Оставшаяся часть дня внизу каменицы прошла довольно нормально. Полиция уже не показывалась. Почти все ходили на верх смотреть печати на двери. Только Арамович не хотел таким любопытством компромитировать себя в отношении к правительству и даже челядника не пустил.
– Что ты туда нос будешь совать? Зачем? Что увидишь? Печати? Ну, что тогда? Потом готовы следствие вести, если их кто нарушит, в тюрьму посадят на хлеб и воду Посмотрите на него! Любопытство – первая ступень к аду.
Ноинская могла себе позволить взглянуть, потому что у неё было на чердаке висящее бельё, хоть подходящее ей место было на дворе, – кухарка довела её до самых дверей.
Обе печати были с орлами. С одной только немного лак сполз. Они плотно закрывали отверстие для ключа, но сквозь щели был виден беспорядок в квартире – и следы прихода «нечистой силы». Судьба несчастного Каликста пробуждала общее сострадание, Агатка аж плакала над ним.
С этого дня доктор Божецкий начал приходить снова – панна Юлия лежала в кровате – и развивалась горячка.
Под ночь была бессознательная, вскакивала, плакала, кричала, так что кухарка и Милуская ни на минуту не могли от неё отойти. Божецкий также сидел почти постоянно, а Агатка каждое мгновение бегала в аптеку Святого Креста.
Бреннера весь день не было, но к вечеру подъехала дрожка, и он уже был дома, ухаживая за дочкой. Ноинская осталась без каких-либо свежих новостей, потому что те, которые ей Агатка давала, не имели никакого значения. Внизу и Ёзек также поджидал свою жертву, но девушка в этот день и взглянуть на него не хотела.
Сколько бы раз старший челядник в мастерской Арамовича не говорил что-нибудь двузначное, мастер начинал использовать рубанок и наказывал молчание. Пришла ночь и Дыгас, которого на протяжении всего Божьего дня было почти не видно, пошёл закрыть ворота раньше, чем обычно. И в этот день ничто его к разговору склонить не могло, держал в руках трубку, чмокал и ни на кого не смотрел.

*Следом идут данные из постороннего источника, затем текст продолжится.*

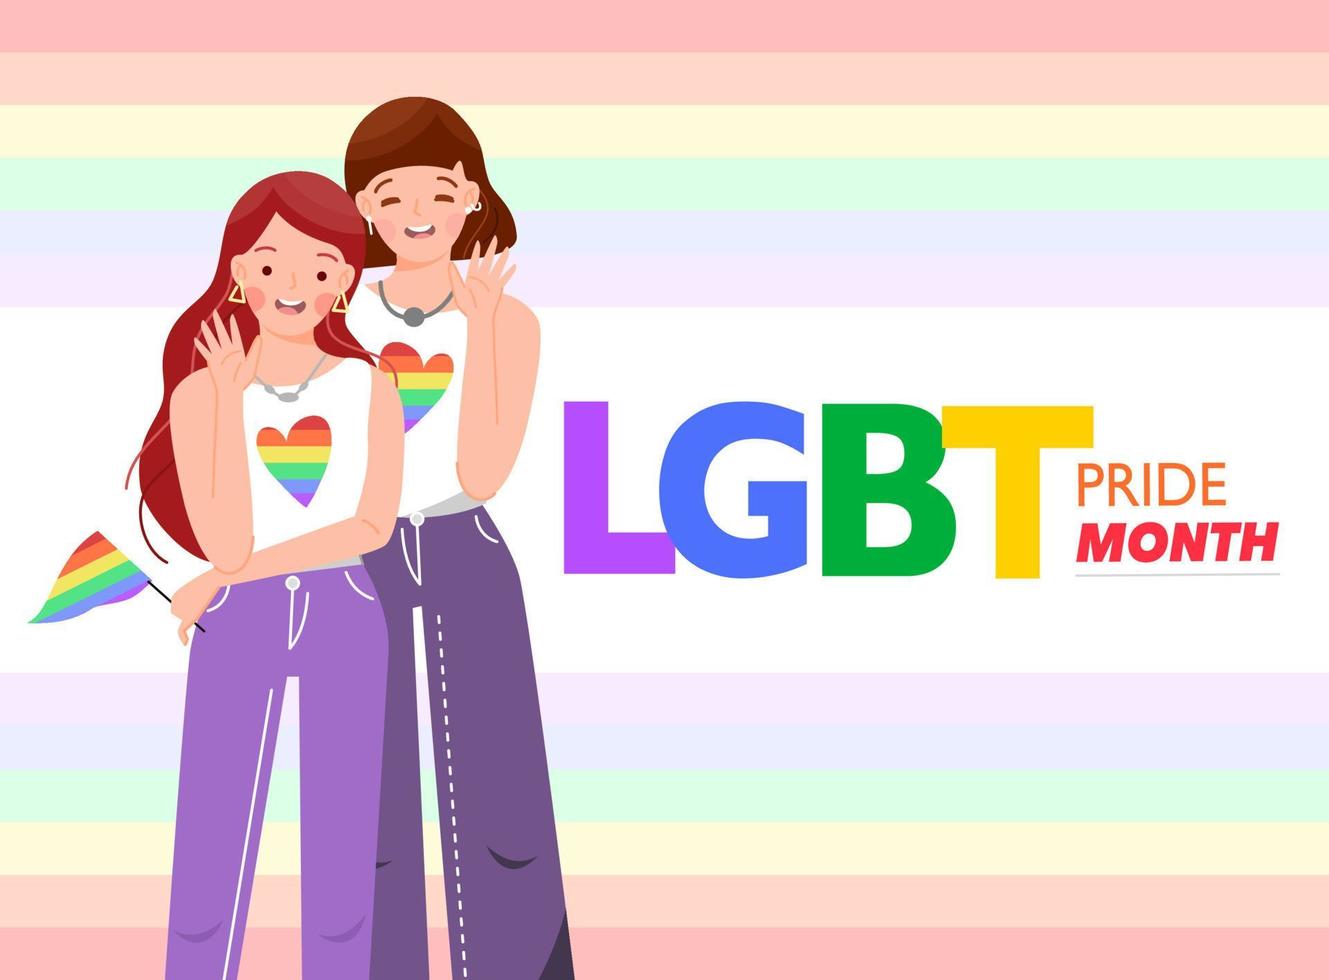 Pride month for LGBT right and social concept for poster or card. Lesbian couple, girl holding rainbow flag symbol, stading beside woman. Gay bisexual transgender community. Flat vector illustration

О судьбе пана Каликста и на следующий день не узнали, но пришло важное обстаятельство. К полудню прибежал пан Людвик, брат Руцкого из Школы Подхорунжих, которого знали по тому, что иногда навещал Каликста. Кажется, он уже, должно быть, что-то услышал о судьбе брата и хотел убедиться, действительно ли Каликст был арестован. Ноинская заметила пробегающего под окном и, узнав, вышла в ворота, но, прежде чем положила работу, прежде чем поспешила к двери, молодой военный спешными шагами, делая зараз по две ступеньки, вбежал уже на первый, а затем на второй этаж. Там, однако, не пробыл долго, видно, увидев печати, имел уже достаточно, и сбежал ещё поспешней, чем поднялся. Ноинская ждала внизу, и когда проходил рядом, кивнула ему головой, чтобы зашёл к ним. Парень огляделся вокруг – никого не было – и вошёл в помещение. Мастерова его из мастерской проводила в свой альков.
– Ведь брат пана Руцкого?
– Да, – отозвался Людвик, который, впрочем, был так на него похож, что вопрос почти был излишним.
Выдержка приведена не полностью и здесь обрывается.